Because of REvil’s increasing scale of attacks and extortion demands, a quickly-developing situation requiring an equally fast response likely preempted a more measured response to the Kaseya victims, Nikkel explained, adding that it is easy to judge the decision now that we have more information but that it must have been a tough call at the time.
“Quietly reaching out directly to victims may have been a prudent step, but attackers seeing victims decrypting files or dropping out of negotiations en masse may have revealed the FBI’s ploy for countermeasures,” Nikkel told ZDNet.
“Attackers then may have taken down infrastructure or otherwise changed tactics. There’s also the problem of the anonymous soundbite about decryption making its way into public media, which could also tip off attackers. Criminal groups pay attention to security news as much as researchers do, often with their own social media presence.”
Nikkel suggested that a better approach may have been to open backchannel communications with incident response firms involved to better coordinate resources and response, but he noted that the FBI may have already done this.
BreachQuest CTO Jake Williams called the situation a classic case of an intelligence gain/loss assessment.
Like Nikkel, he said it’s easy for people to play “monday morning quarterback” and blame the FBI for not releasing the keys after the fact.
But Williams did note that the direct financial damage was almost certainly more widespread than the FBI believed as it withheld the key to protect its operation.
“On the other hand, releasing the key solves an immediate need without addressing the larger issue of disrupting future ransomware operations. On balance, I do think the FBI made the wrong decision in withholding the key,” Williams said.
“However, I also have the convenience of saying this now, after the situation played itself out. Given a similar situation again, I believe the FBI will release the keys unless a disruption operation is imminent (hours to days away). Because organizations aren’t required to report ransomware attacks, the FBI lacked the full context required to make the best decision in this case. I expect this will be used as a case study to justify reporting requirements.”
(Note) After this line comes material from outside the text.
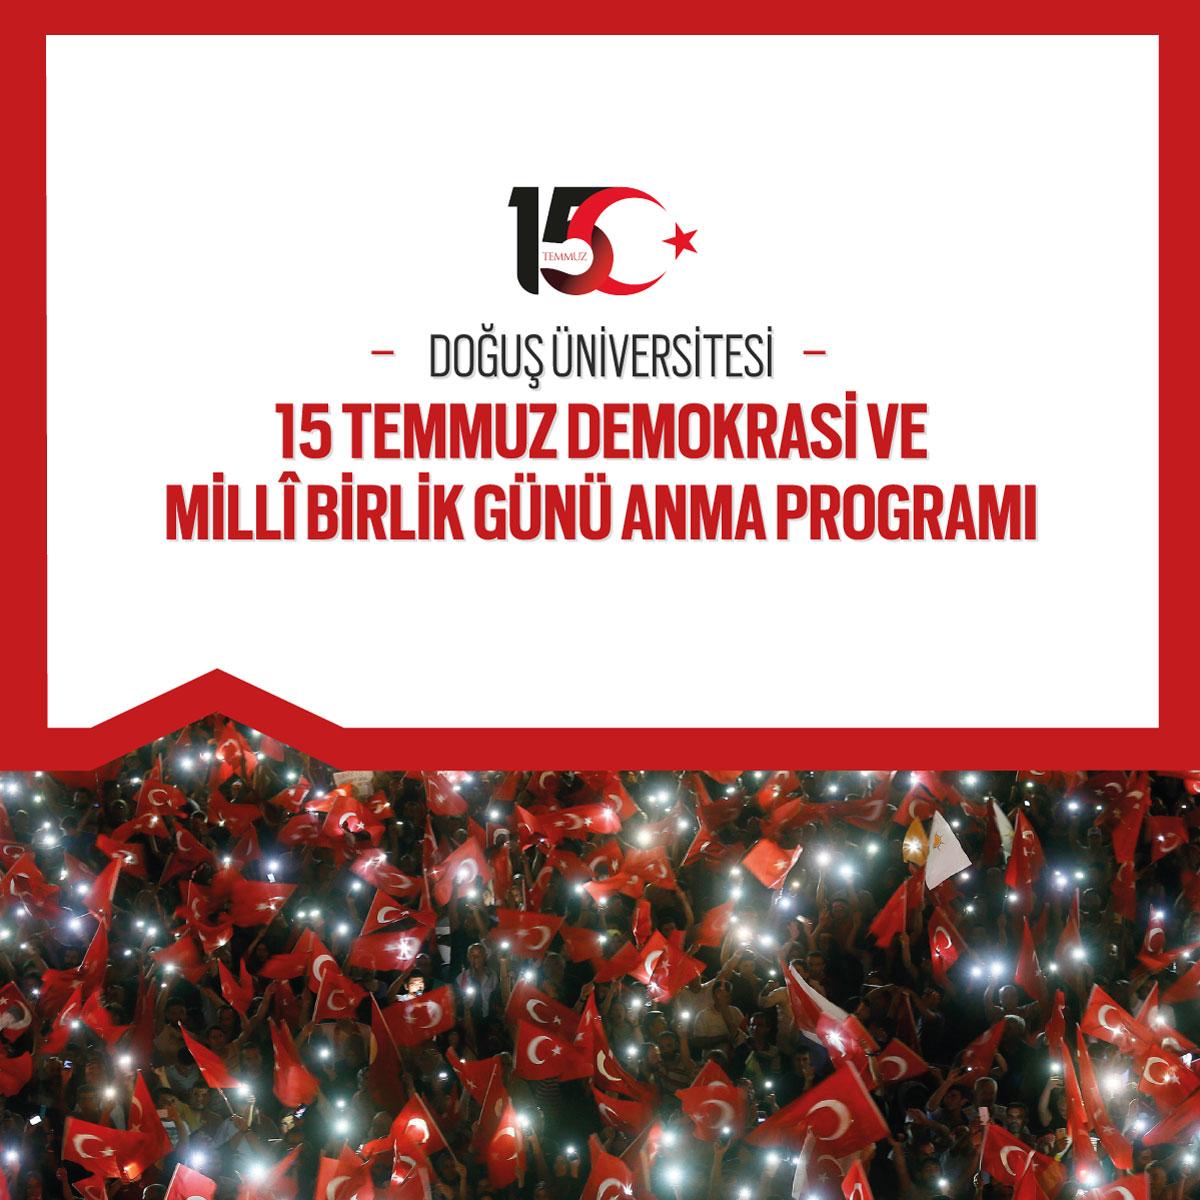 15_temmuz_anma_töreni_pc

John Bambenek, principal threat hunter at Netenrich, said critics need to remember that first and foremost, the FBI is a law enforcement agency that will always act in a way that optimizes law enforcement outcomes.
“While it may be frustrating for businesses that could have been helped sooner, law enforcement takes time and sometimes things don’t work out as planned,” Bambenek said.
“The long term benefit of successful law enforcement operations is more important than individual ransomware victims.”